# In memory of Ralph



## goldensmum (Oct 23, 2007)

Twelve years ago today we sent Ralph to the bridge after a short battle with kidney failure.

Ralph came into our lives as a rescue - he came into rescue kennels where I was working and would not eat or respond in the kennel environment so I bought him home for a couple of nights to get him eating - and he stayed with us for 7 short years.

He fitted into our lives and hearts as if he had always been there and loved Ginny & Holly and especially my Dad's springer Katie. He wasn't the brightest of dogs but what he lacked in brains he made up for in other ways and we were heartbroken when he left us.

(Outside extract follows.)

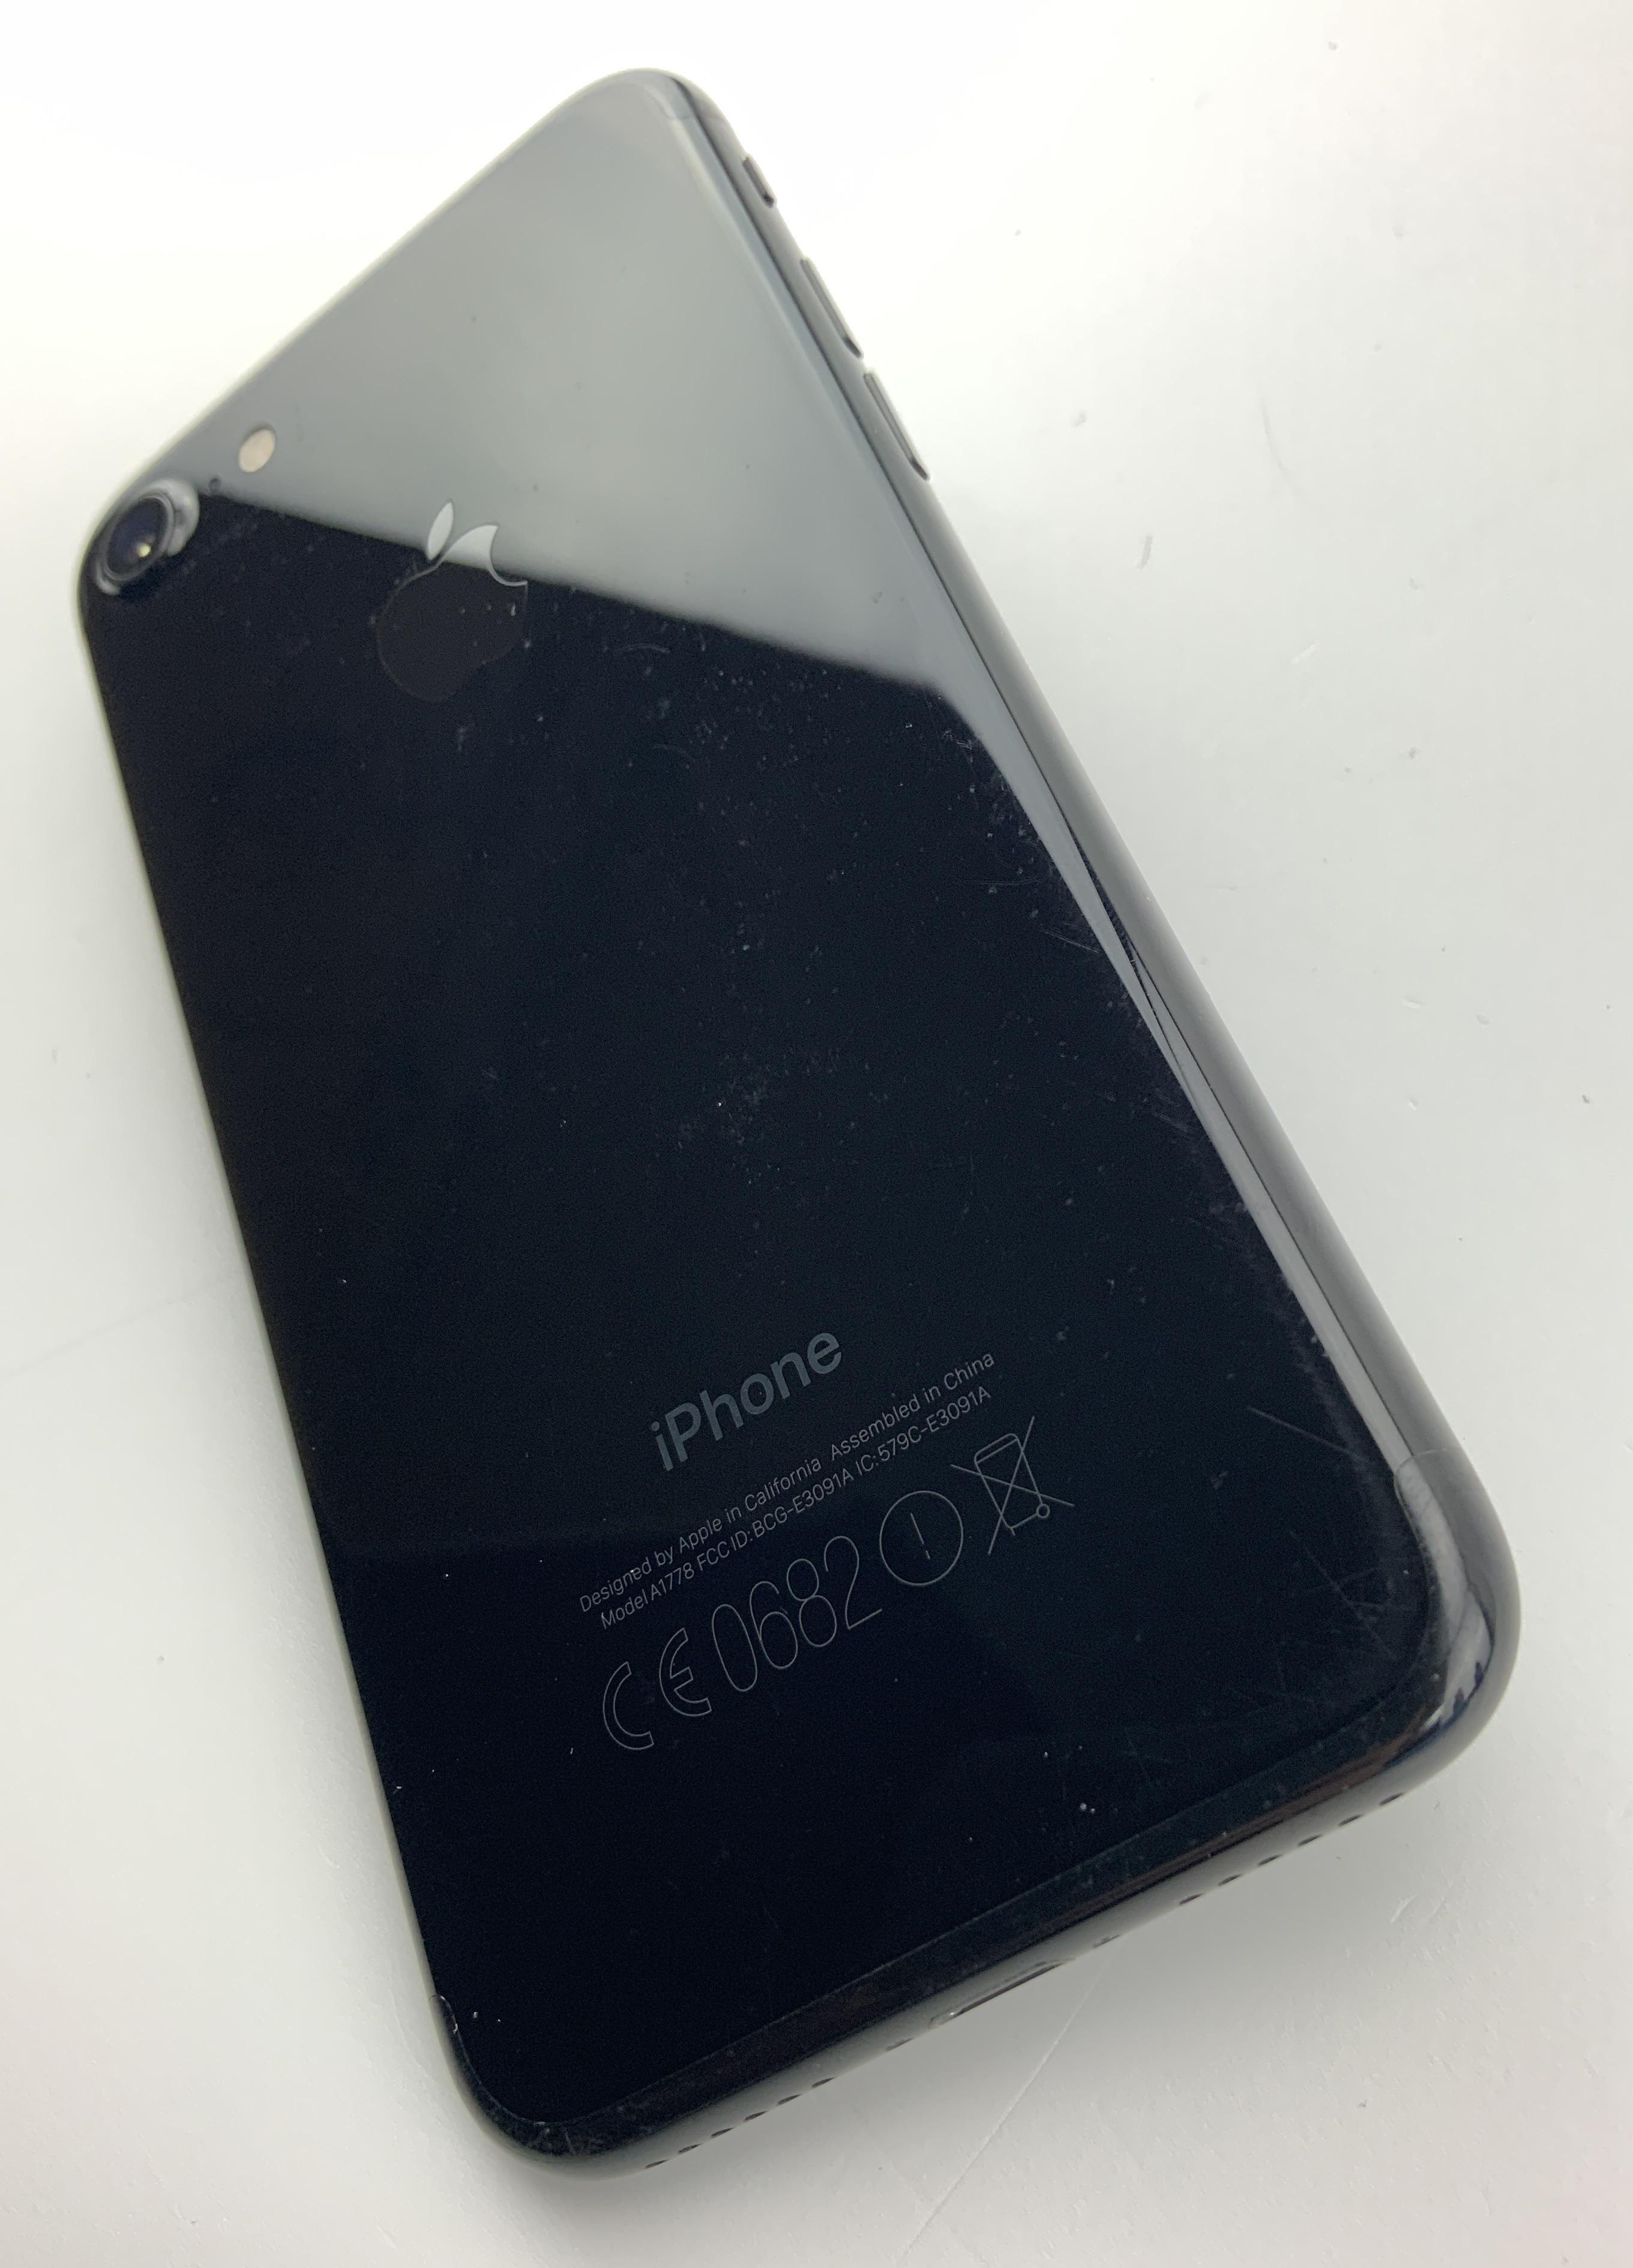 iPhone 7 128GB, 128GB, Jet Black, Kuva 5
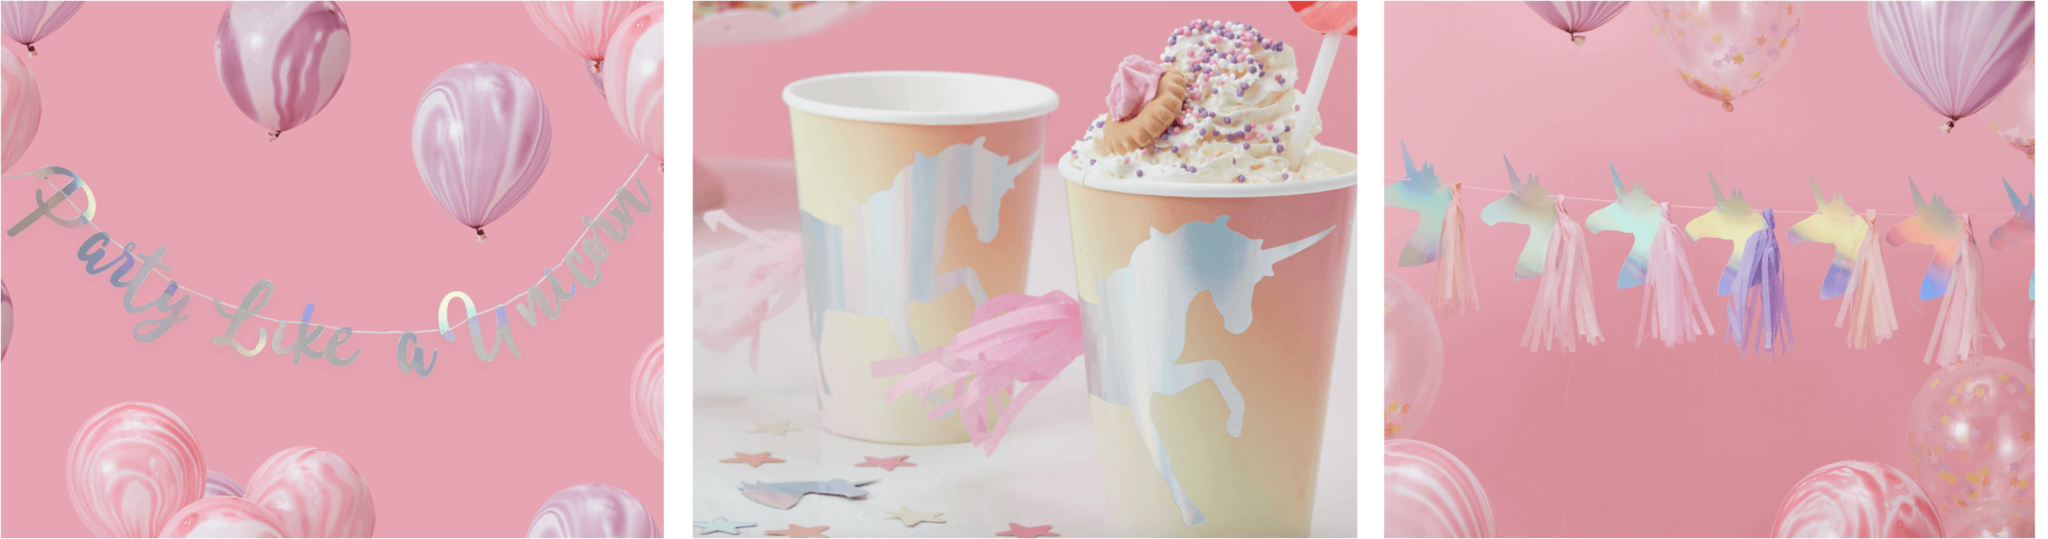 Kinderfeestje versiering thema unicorn

Ralphie - I'm sure the girls are looking out for you and grandad too, we will always love and miss you as you are now a bright star shining above us. Run free and sleep softly my Big Man


----------



## swishywagga (Nov 13, 2012)

Ralph sounds like such a precious boy, my thoughts are with you today it's so very hard without them.


----------



## danoon58 (Jul 1, 2015)

Such a wonderful tribute to your Ralph. He sounds like such a wonderful boy. My thoughts are with you today.


----------



## Karen519 (Aug 21, 2006)

*Rest in peace, sweet Ralph!*

What a beautiful tribute to Ralph! My Smooch and Snobear are taking care of him. I believe the oldest Rainbow Bridge List we have on this forum is from 2009.


----------



## CAROLINA MOM (May 12, 2009)

Beautiful tribute to your handsome Ralph, such a special boy. 
They're always in our hearts even though they may no longer be by our side.
Thinking of you today.


----------



## Wolfeye (Sep 15, 2015)

Love came into Ralph's life and he shared it with you. Goldens are such wonderful dogs. I've always felt Mr. Bojangles' dog was a golden. Yes, after 20 years he still grieves. I miss my half-golden almost every day though he died 12 years ago, and of course my recently-departed Fenris.

Hoping the memories stay fresh!


----------